Over the past few years, we’ve seen countless civic hackathon events pop up all over the country in the name of everything from healthcare to elections. In the span of just two days, from May 31 to June 1, last year’s National Day of Civic Hacking sprouted more than 120 events across 103 cities. Adjectives like “broken” or “dysfunctional” are often attached to the theme of the hackathon in event descriptions. Luckily for the new generation, today’s civic hackers are itching to tackle age-old problems like campaign finance and citizen engagement with innovation.
The underlying philosophy of holding hackathons is a no-nonsense one: It’s broken, so let’s fix it. As a generation whose social lives were born into the seemingly perfect color patterns and layouts of no-glitch social networks like Myspace, Facebook, and Twitter, we meet malfunction with confusion and frustration. We wonder why it occurs, and why more isn’t done to fix it. One visit to a civic hackathon will erase any doubt that the confusion and frustration have been healthy and productive. Last year’s Civic Hacking Day produced more than 100 projects alone on important topics such as education, homelessness, the environment, healthcare, and criminal justice.
But why do we so rarely see hackathon projects making a truly big impact? If all that developers promise at hackathons on international development, healthcare, and criminal justice had happened, wouldn’t we be living in a utopia?
Many of the most successful civic innovation projects today (look at Google’s public transit and election APIs) have been the result of months or years of the quietly diligent work of setting bridges and leveling out risk among various public and private data holders to build a network of cooperative data standardization. Organizing is a good phrase to describe how the groundwork (and not just in terms of data) for truly impactful civic tech projects is born, and what today’s hackathon projects aren’t doing particularly well.
Nothing is really broken if you think about it.

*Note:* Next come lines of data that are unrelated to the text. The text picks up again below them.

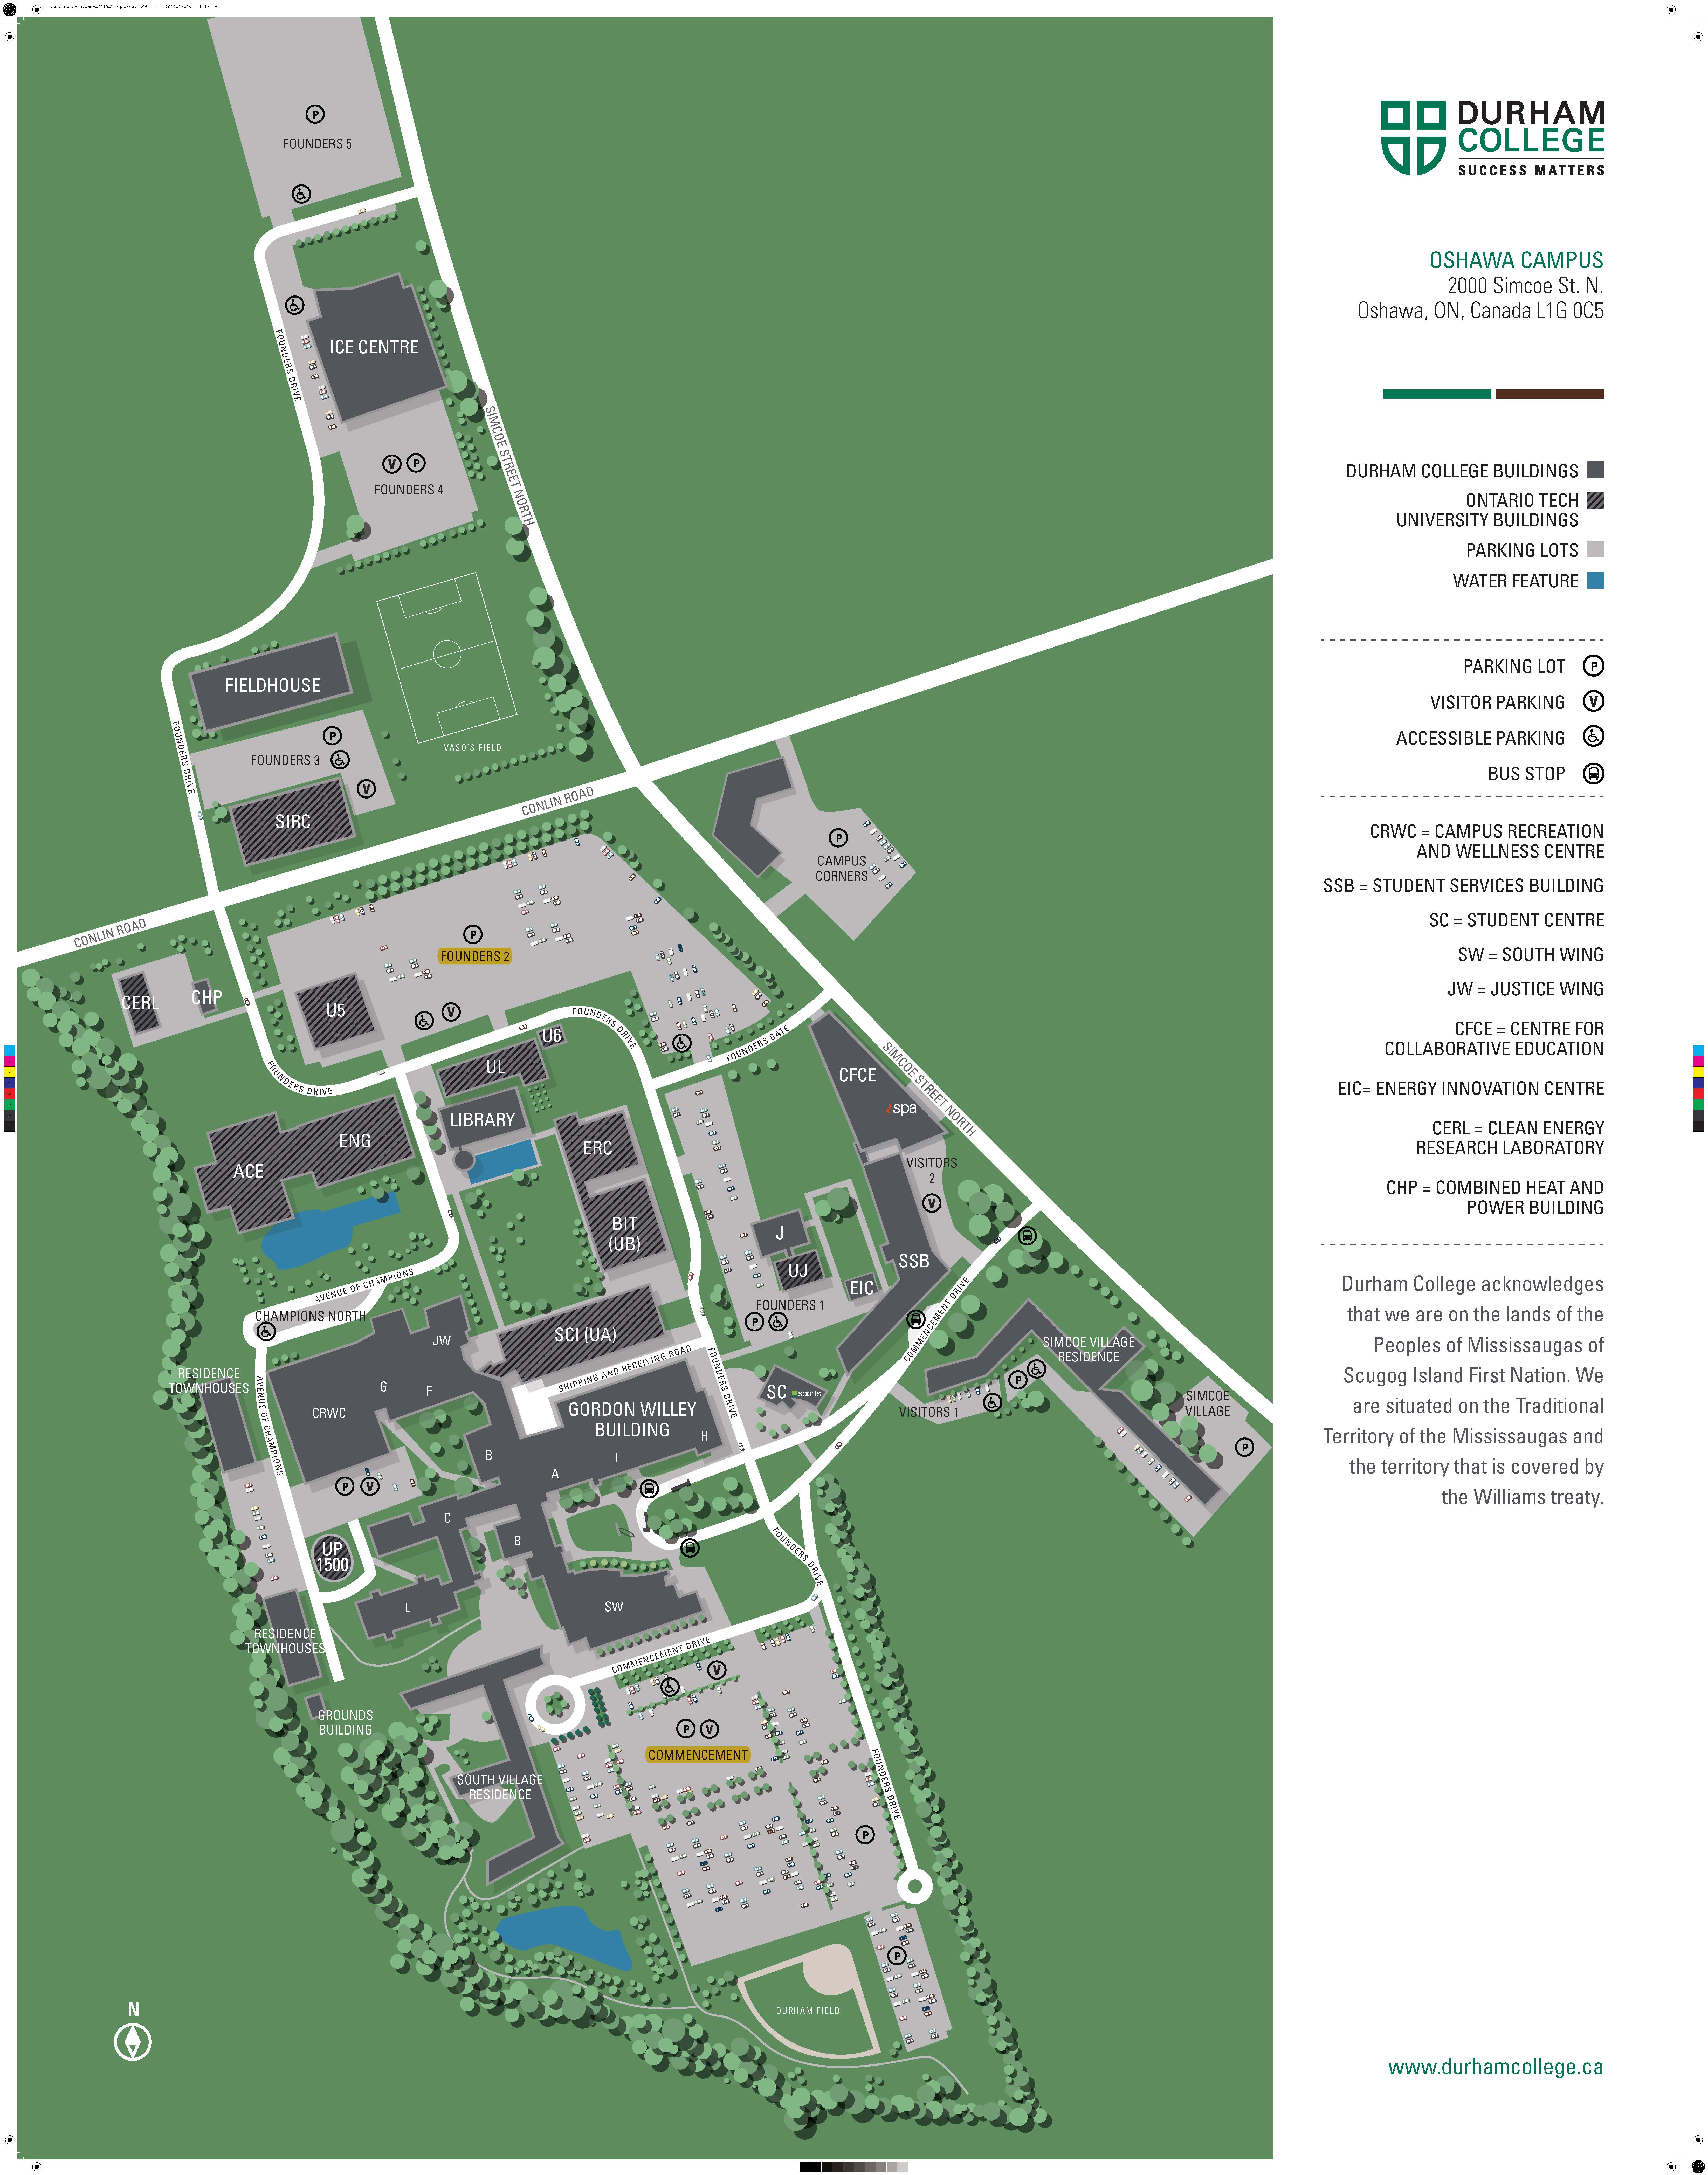 Map showing the location of buildings and parking lots of Durham College Campus/Ontario Tech University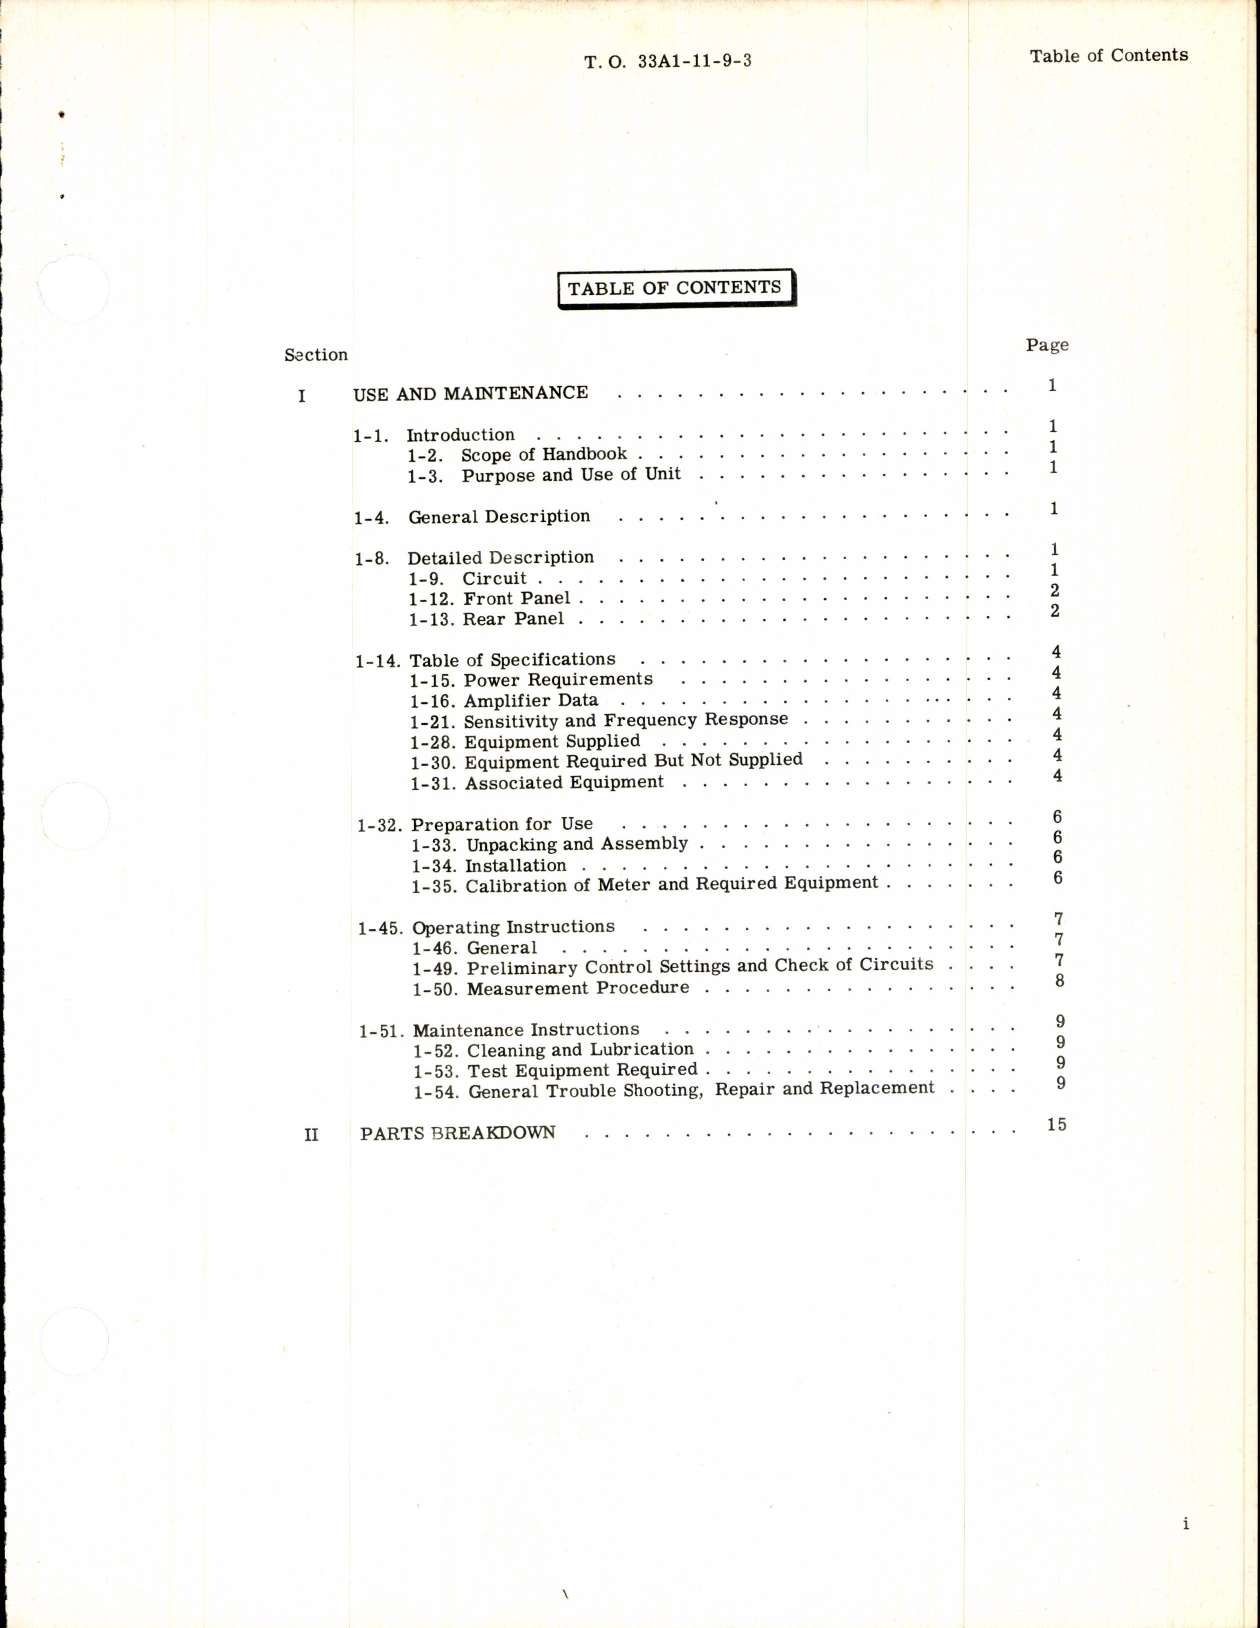 Sample page 3 from AirCorps Library document: Instructions & Parts Breakdown for Vibration Meter Type 1-117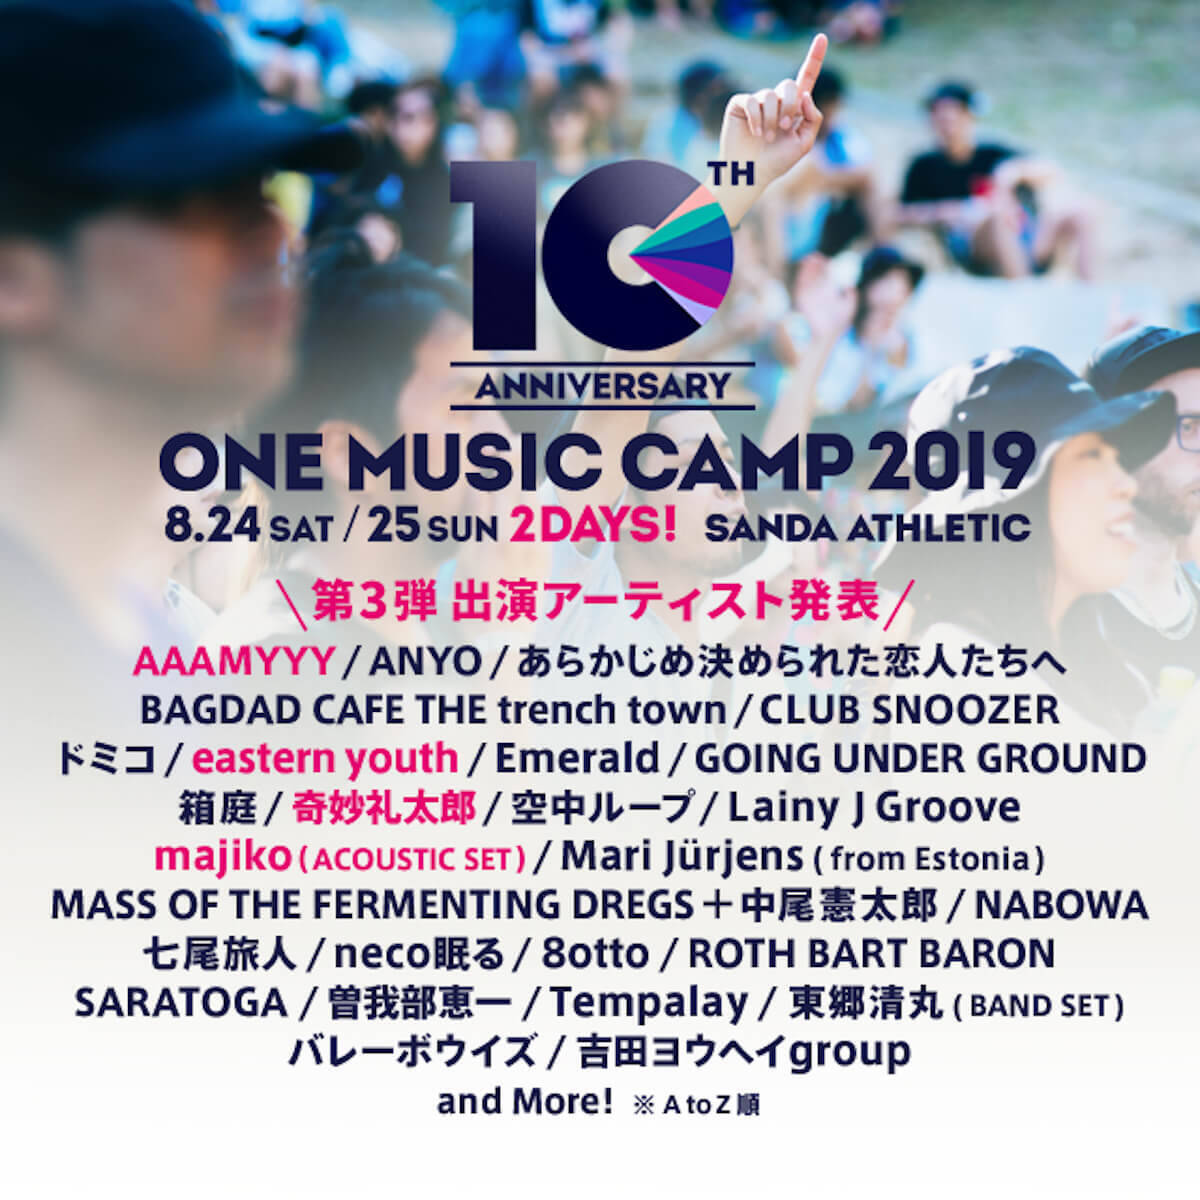 ＜ONE MUSIC CAMP 2019＞第3弾アーティスト発表｜AAAMYYY、eastern youthら4組の出演が決定！

It’s just that people aren’t always good, diligent, creative, and outward-looking. The reason that the 21st century's techno-euphoria relies on technology to change everything in the world is because making new apps and finding points of “disruptive innovation” is easier than changing our fellow human beings.
I’ll end with a story about a civic tech project that is slow, but doing it right in my opinion. The project Open Referral, whose goal is a standardized community resource directory database, has been in the works for quite some time. The proper title for a person behind these projects is not “hacker” but “organizer.” They travel city by city, combing carefully through each one. They form relationships, build bridges, and open people’s imaginations to the impact that their information has on thousands of disadvantaged individuals. At the end of their data organizing campaign, the human chemistry behind their giant database will be quite the mind-blower.
Today’s hackathons are rightly full of the energy, initiative, and frustration that power them. But at the end of the day, the civic apps that come out of these events are no more than the political philosophy papers I churn out as a poli-sci student if they are not built upon and for grassroots initiatives and participation. In the face of technology that has increasingly allowed us to do more with a single click or swipe, we must not forget to sweat for the solutions to our malfunctions.
Jenny J. Choi ’16, is a social studies concentrator in Winthrop House. Her column appears on alternate Thursdays.